Closed Evizero closed 8 years ago
@Evizero overall this is coming along really nicely... thanks for putting in the time
I had to introduce a immutable type DataIterator
to make eachobs
work. This is a consequence of not boxing Tuple into DataSubset
. The alternative would be to call batches with batch-size 1, which seems like a waste, since it allocates an array of N DataSubsets
I saw... certainly better than using DataSubsets!
I think I could twist this one type DataIterator
in a way that it could also serve as a batch stream. Then we could offer eachbatch
as well, which would be a true iterator, while batches
is done instantly and remains as it is now
shoo coveralls. come back when I am done here. You make me look bad!
Ok, so the stuff I have implemented so far works pretty well and type stable.
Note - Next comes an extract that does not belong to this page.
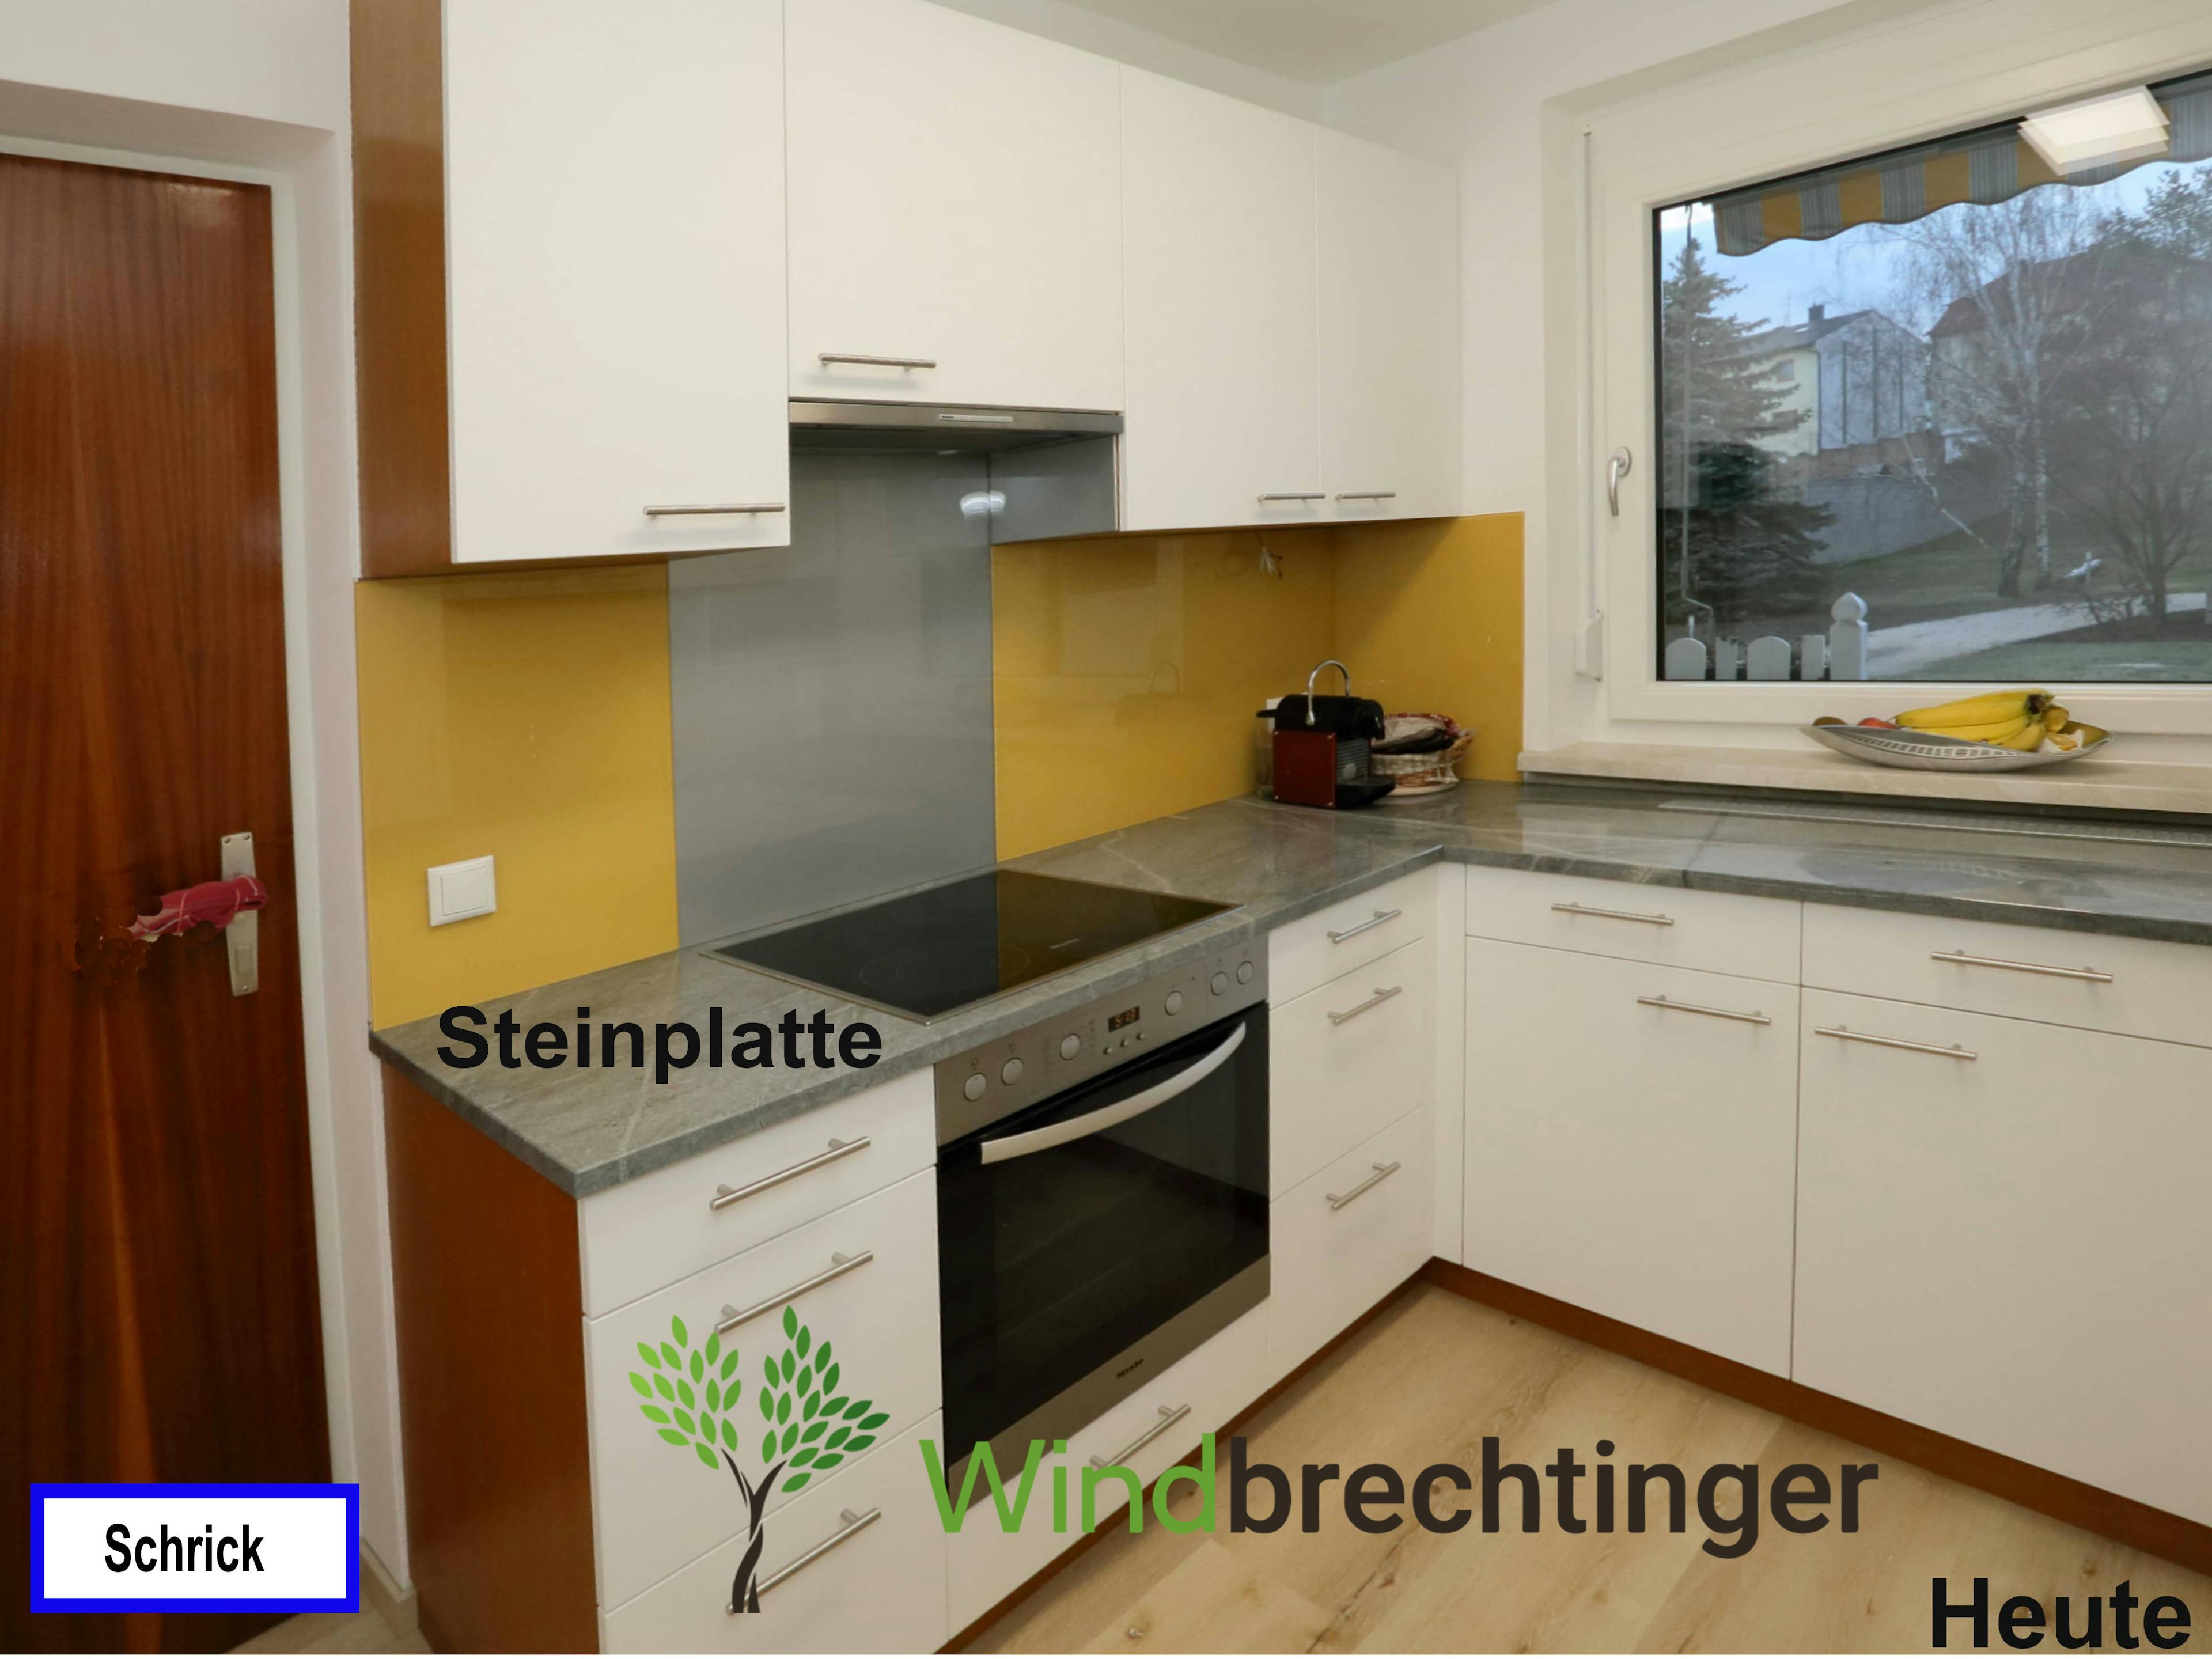 Maßgefertigte Küchensteinplatte in Mistelbach – Exklusivität von Tischlerei Windbrechtinger
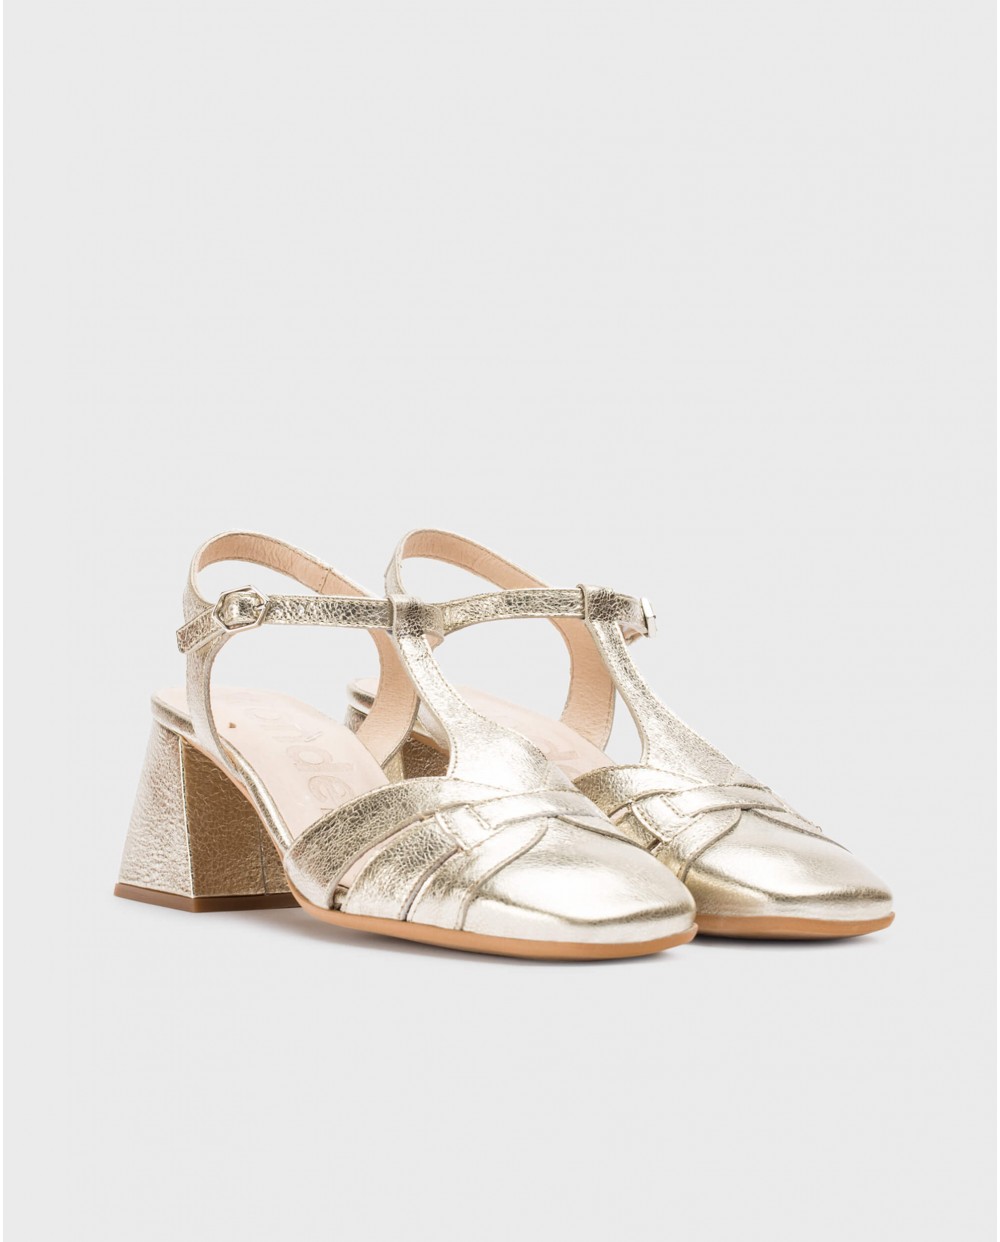 Wonders-Heels-Platinum Milena heeled sandals

KFolds
might be a little tricky to port, but other than that it should be smooth sailing now.
Nice!
On Tuesday, October 18, 2016, Christof Stocker notifications@github.com wrote:
Ok, so the stuff I have implemented so far works pretty well and type stable. KFolds might be a little tricky to port, but other than that it should be smooth sailing now.
— You are receiving this because you commented. Reply to this email directly, view it on GitHub https://github.com/JuliaML/MLDataUtils.jl/pull/14#issuecomment-254673866, or mute the thread https://github.com/notifications/unsubscribe-auth/AA492pkBlEt8KHkHhkRWxAQmLdAvd88Bks5q1V42gaJpZM4KZHBf .
Allowing both getobs
and viewobs
is a nice idea (as long as viewobs is the default!)
I changed how getobs
works a bit.
getobs(A::Any)
will return A
itself, but calling getobs(A::SubArray)
will return copy(A)
(and getobs(s::DataSubset)
in getobs(s.data, s.indcies)
).
This way the user can just call getobs(..)
in the inner most loop before using the data/batch in order to benefit from cache locality etc.viewobs
which is just a different name for datasubset
as long as viewobs is the default!
They are not really used internally expect from the function Edit: no longer. So it is just user-facing code. All the functions such as eachobs
, which sounds like one would expect it to getobs
every indexbatches
and shuffled
remain lazy as ever and call datasubset
directly (which to be fair is the same as viewobs
atm, but that may change).
remain lazy as ever and call datasubset directly
That's what I mean... I want to make sure everything is lazy unless you explicitly ask for copies through collect/getobs.
I checked out refactor0.5, and commented out the iterators in StochasticOptimization. I'll try to get the surrounding ecosystem up to speed and tested.
nice! There is still some new stuff missing and I will need to work on a different project for a few hours soon. But I will resume this PR later today.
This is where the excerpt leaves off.